Desta vez será de vez? O ministro das Obras Públicas jura que sim. Já há data marcada para a entrada em vigor do novo peso no bolso dos visados: 1 de Julho. Argumentos a favor existem aos montes, quase tantos como os argumentos contra mais esta "taxa" de circulação. Sobra apenas um pequeno problema: o fim das famigeradas Scut é para todos ou somente para alguns? A resposta, aposto singelo contra dobrado, será: é para todos. Mas às pinguinhas. Vale o mesmo dizer que, por muito que argumentem com o peso turístico da região e com a falta de alternativas, mais cedo do que tarde os algarvios também vão dar para este mealheiro. É, de resto, isso que o PSD tem defendido com clareza. Como é, de resto, isso que o Governo tem deixado passar de fininho, sem clareza, para a opinião pública mais atenta.
De modo que não vale a pena voltar a discutir as virtudes, ou a falta delas, da introdução de portagens nas Scut. Resta apenas lamentar que, neste como em tantos outras temas que vão sempre bater aos nossos já depauperados orçamentos, a verdade não seja contada, toda, de fio a pavio.
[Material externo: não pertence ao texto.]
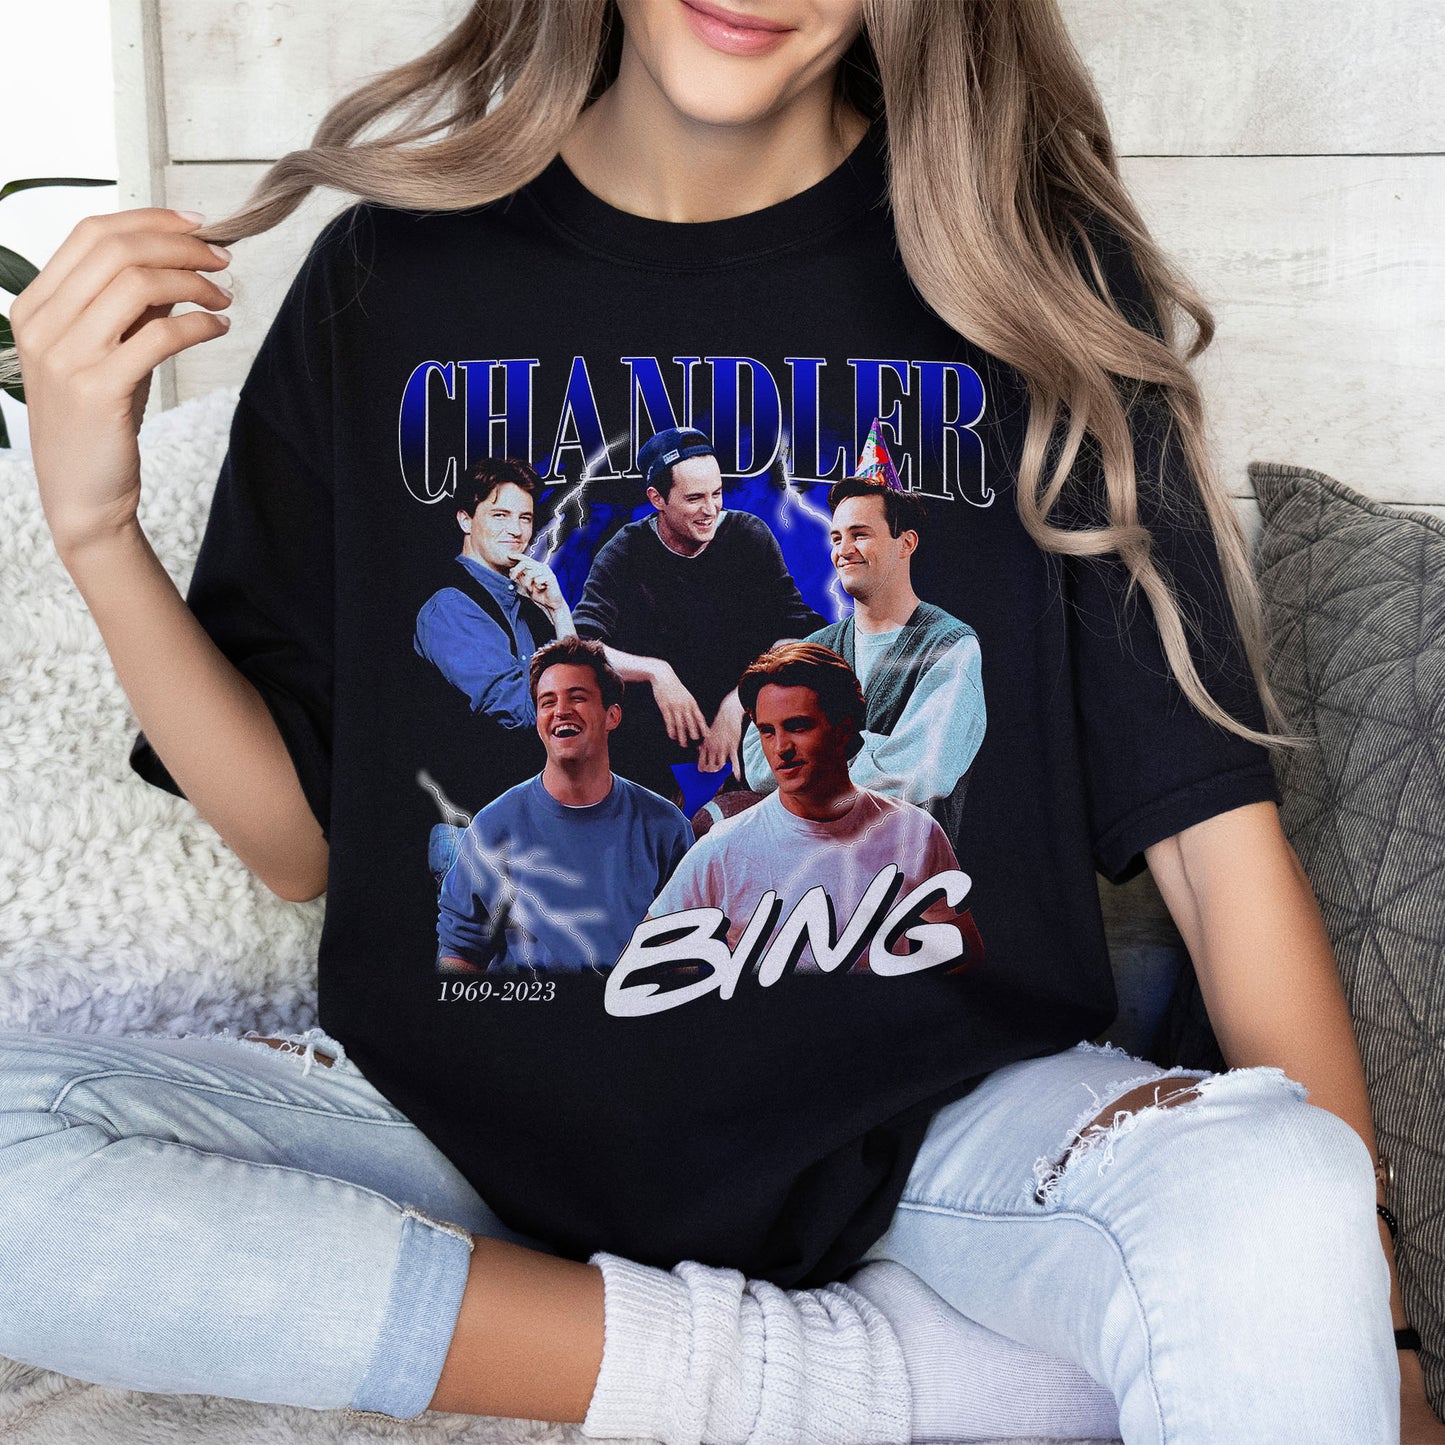 Chandler Bing Bootleg Shirt
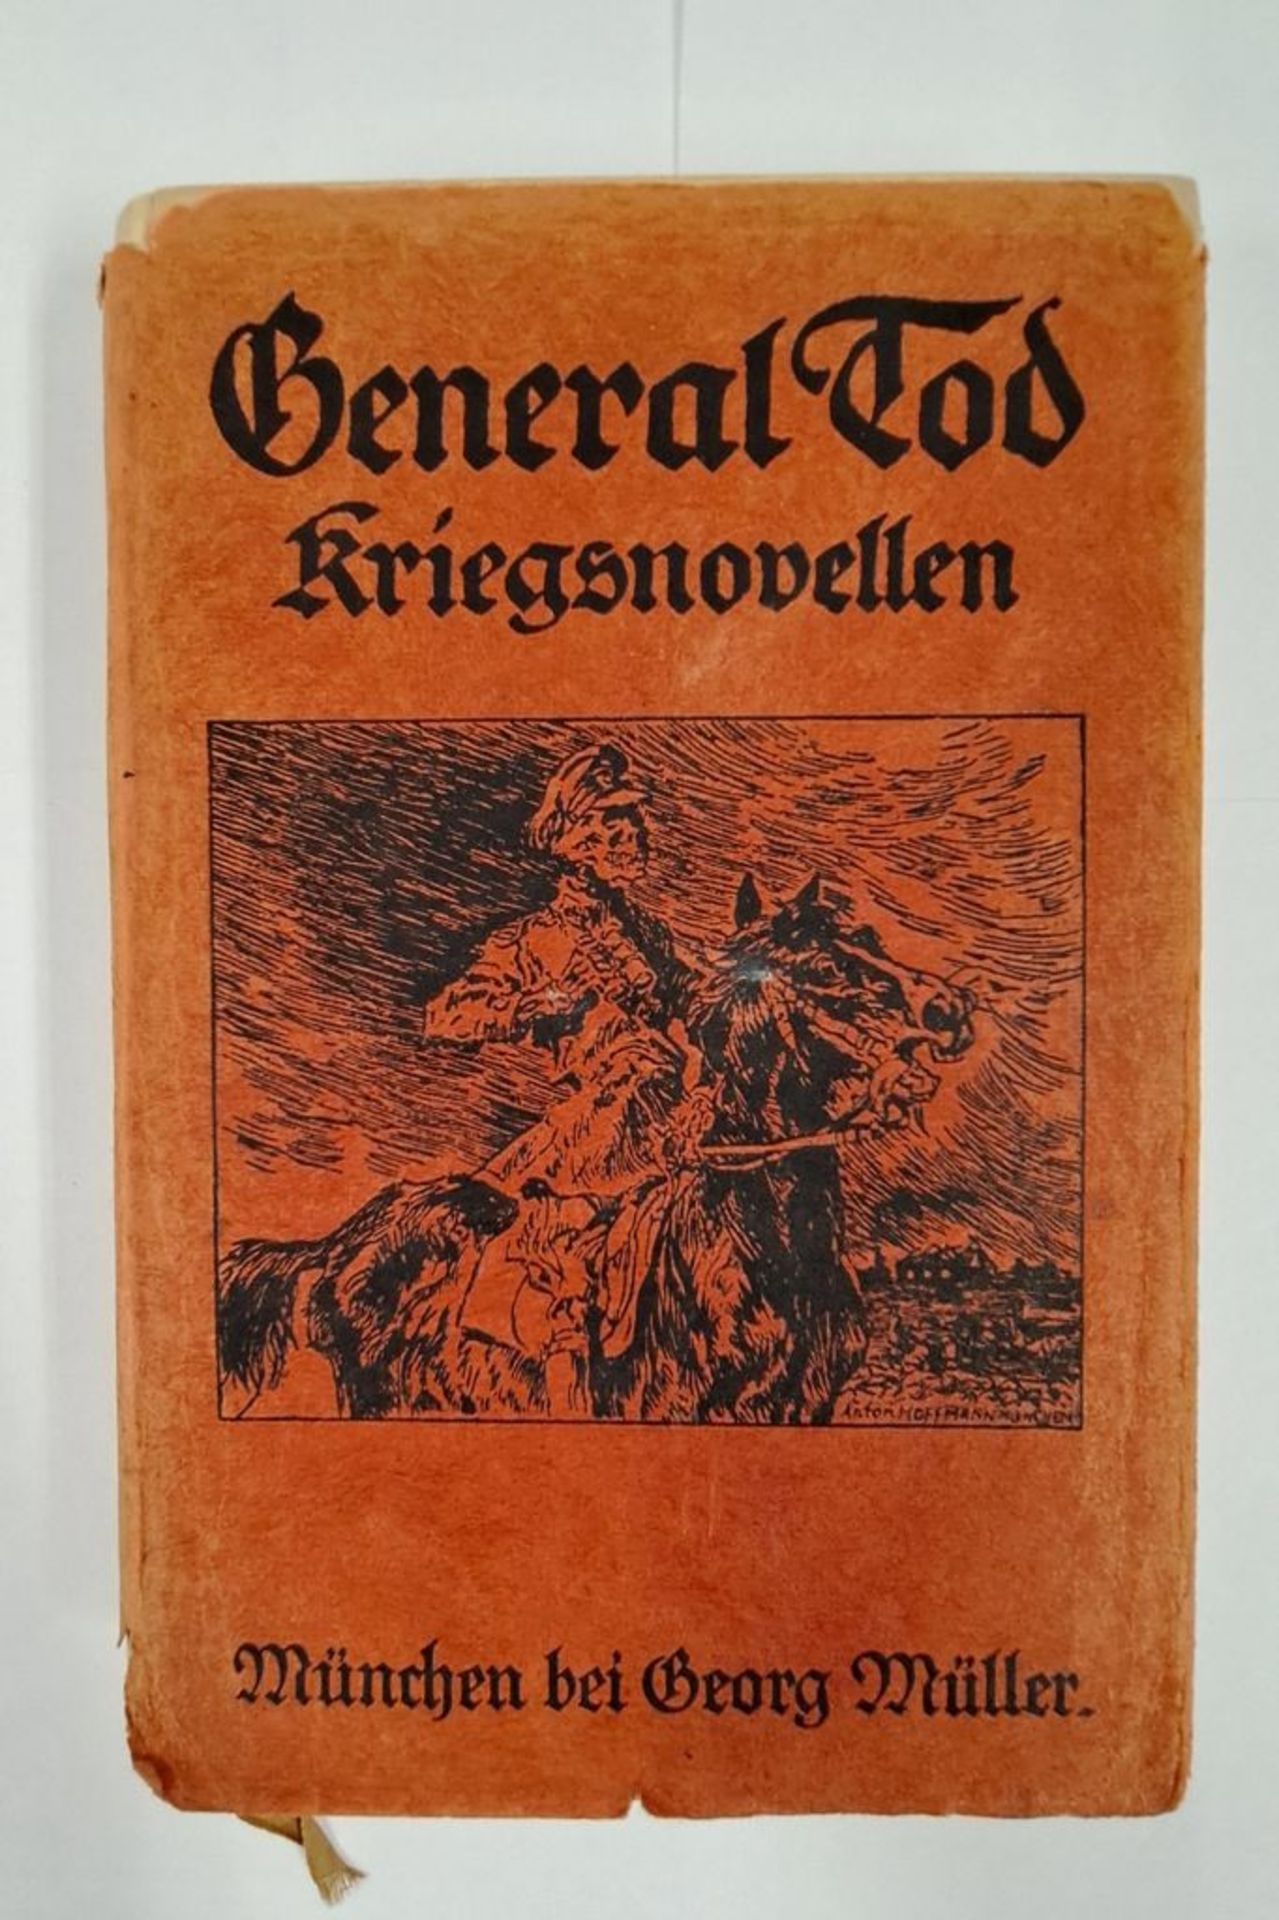 Buch "General Tod - Kriegsnovellen" 1915 - Bild 4 aus 4

Santana Lopes (que, como prometeu, continua a andar por aí) disse há dias numa estação televisiva que o Executivo de José Sócrates "mete dó". Trata-se, obviamente, de um exagero, de um soundbite à medida de um ex-primeiro-ministro que, ele sim, liderou um governo que chegou a meter "dó". Mas, descontada a verrina que a frase contém, há um lado certeiro na intervenção de Santana. O evidente estado de periclitância do actual Governo não tem só como causa a crise que lhe caiu em cima. A crescente sensação de deslassamento entre governantes e governados tem também muito a ver com a confiança que os segundos perderam nos primeiros. E, quando assim é, dizem os livros que o ocaso não está longe. As Scut são apenas o último exemplo desse inexorável truísmo.